Changing the paradigm: Dr. Robin Deterding blazes new trails

Caregivers / Researcher

dr deterding

The baby – a girl – was healthy. Was. Then, two months after birth, she got a respiratory virus. A bad, baffling one that, despite intensive care over the next eight months, destroyed her lungs through a merciless mechanism called interstitial lung disease (ILD). Her parents made the heart-wrenching decision not to seek a lung transplant, and the girl died.

For pediatric pulmonologist Robin Deterding, that death a decade ago—a death she couldn’t explain—was a turning point: an end that was also a beginning.

“I got tired of saying, ‘I don’t know,’” she explains, “so I decided to change the paradigm.”

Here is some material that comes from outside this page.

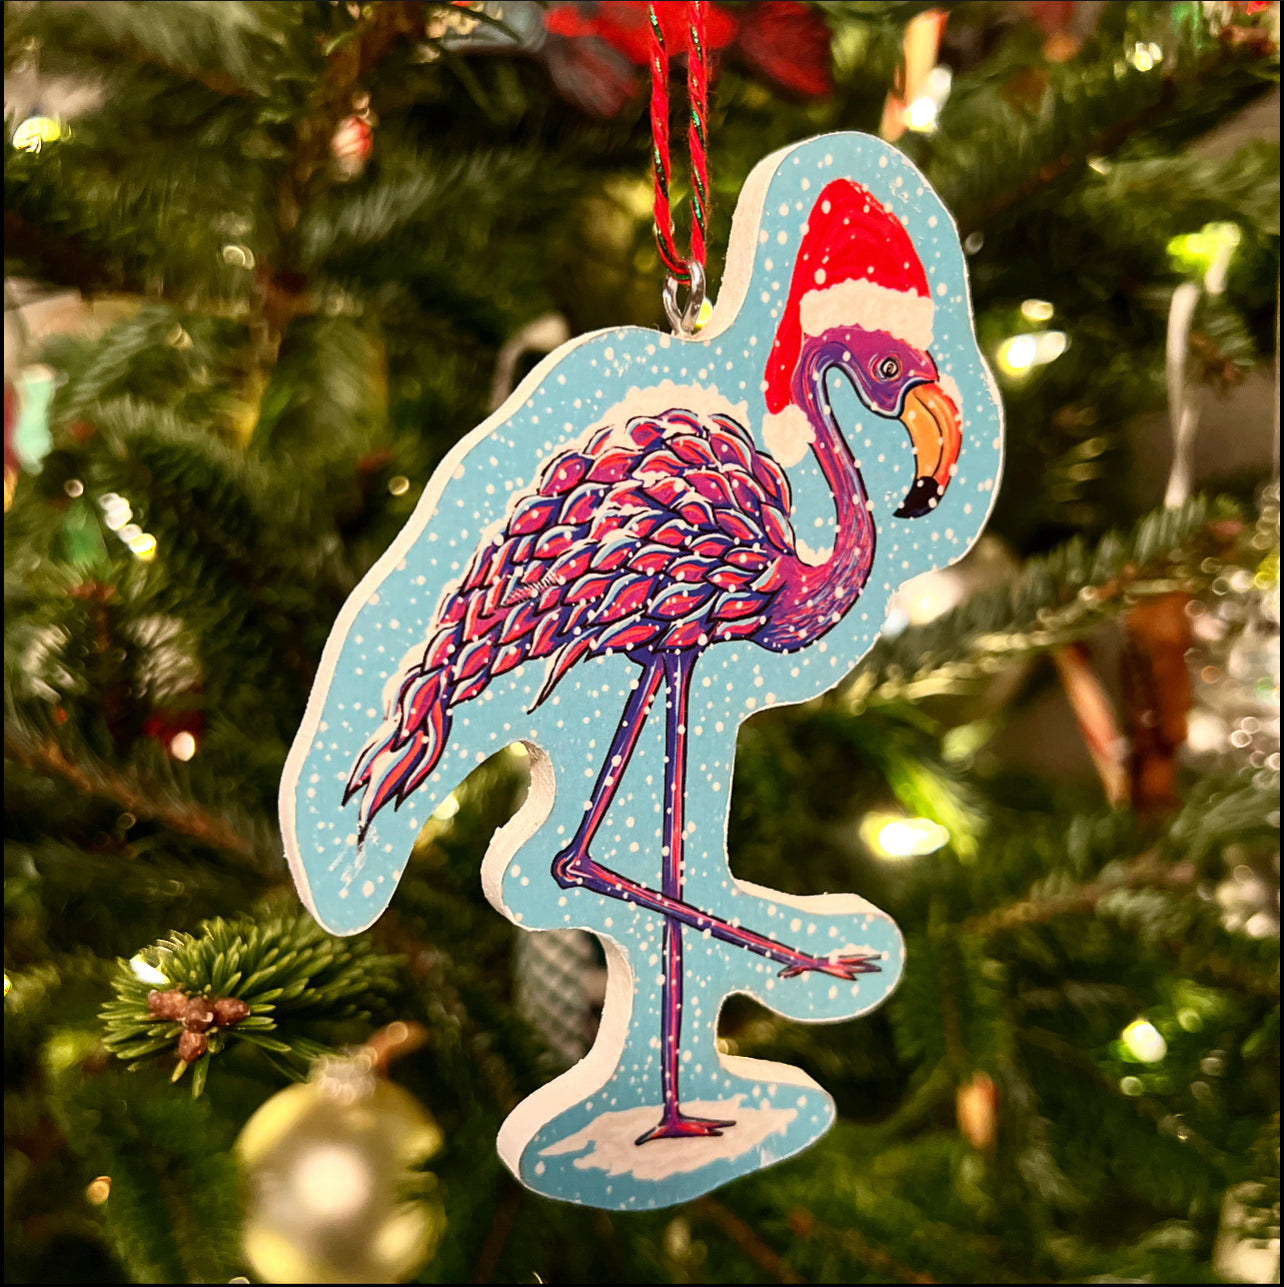 Snow Flamingo 2021 Ornament - Daniel Curran Art

She devoted herself to understanding more about ILD, and she also created two organizations – the nonprofit chILD Foundation and the chILD Research Network – to accelerate research breakthroughs.

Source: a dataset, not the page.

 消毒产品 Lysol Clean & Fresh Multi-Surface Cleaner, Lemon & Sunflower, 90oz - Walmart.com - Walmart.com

As chief of pulmonary medicine and director of Children’s Hospital Colorado’s Breathing Institute, Deterding says she wants to change things not only for kids in Colorado, but also for children around the world.

“If you treat kids with rare, complex diseases, the present isn’t good enough,” she says. “You aim for the future—making a difference not just 100 years from now, but in the lifetime of a child. To do that, you have to think outside the box.”

Jumping into the unknown

Some people might be put off by the prospect of jumping out of the box and into the unknown. Deterding isn’t one of those; in fact, she’s spurred on by the prospect.

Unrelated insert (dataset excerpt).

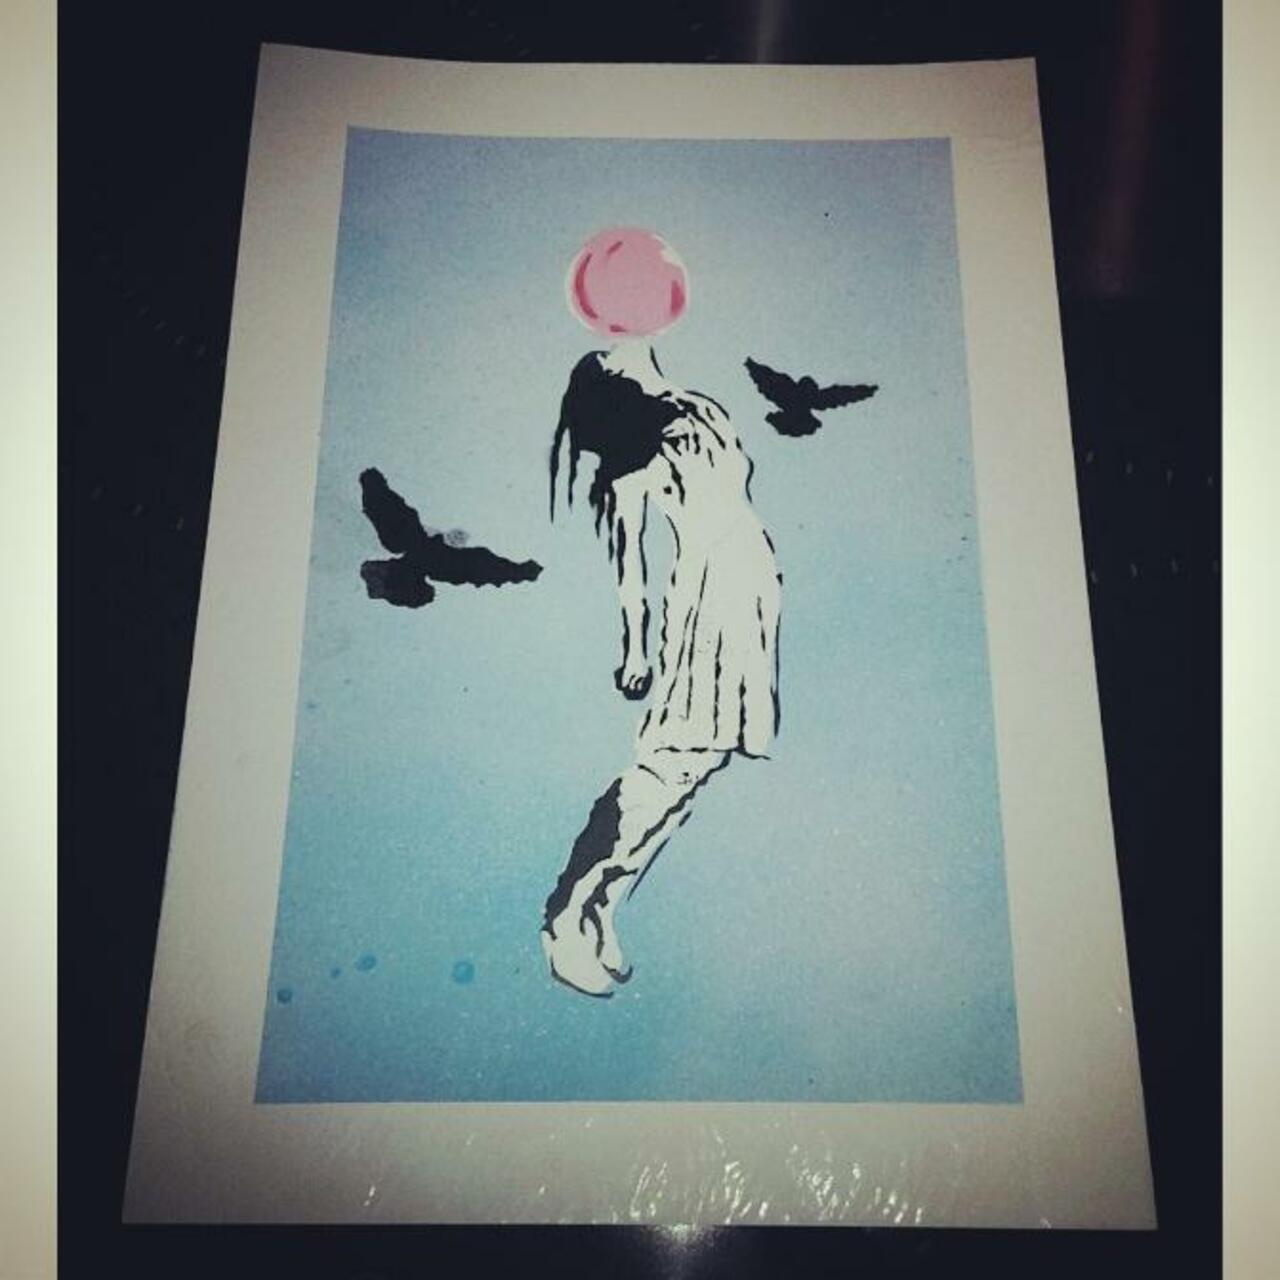 New piece: high hopes #art #high #girl #bubble #birds #float #graffiti #stencil #streetart #sky http://t.co/K55zafSyZt

“I like to be a trailblazer, and I’ve always been driven by curiosity and an appreciation for the complexity of science. I like to live in a ‘yes’ state, not a ‘no’ state.”

As she rattles off the advances and convergences she sees from exploring new avenues – DNA sequencing and stem-cell technology, to name a few – Deterding’s enthusiasm blazes even brighter.

She explains how her research colleagues can now lift a skin cell from a child, take it back to a “stem cell”— meaning to de-specialize it, transforming it into a cell that could become nerve or muscle or lung tissue —and then create the cell with the specific mutation that causes a disease.

“Then we can do testing to find drugs that can prevent or correct that mutation,” says Deterding. “They’ve already done it with cystic fibrosis. Now, working with scientists around the country, we’ve got grants to do it for ILD. High-throughput drug testing is the way of the future for our kids with genetic mutations.”

Deterding’s vision of the future and her current research also include discovering specific protein markers of diseases to pinpoint what’s going wrong in a child’s body and how to make it right again.

“We have a unique new collaboration with a Colorado biotech company that lets us measure thousands of proteins in a single drop of blood,” she says. “This technology should allow us to determine a kid’s disease diagnosis, prognosis and response to treatment. That’s personalized medicine, and that’s the future, too.”

She makes these predictions—these promises—from the place where she chooses to take her stand, as a clinician and a researcher: From a place of hope, in the state of “yes.”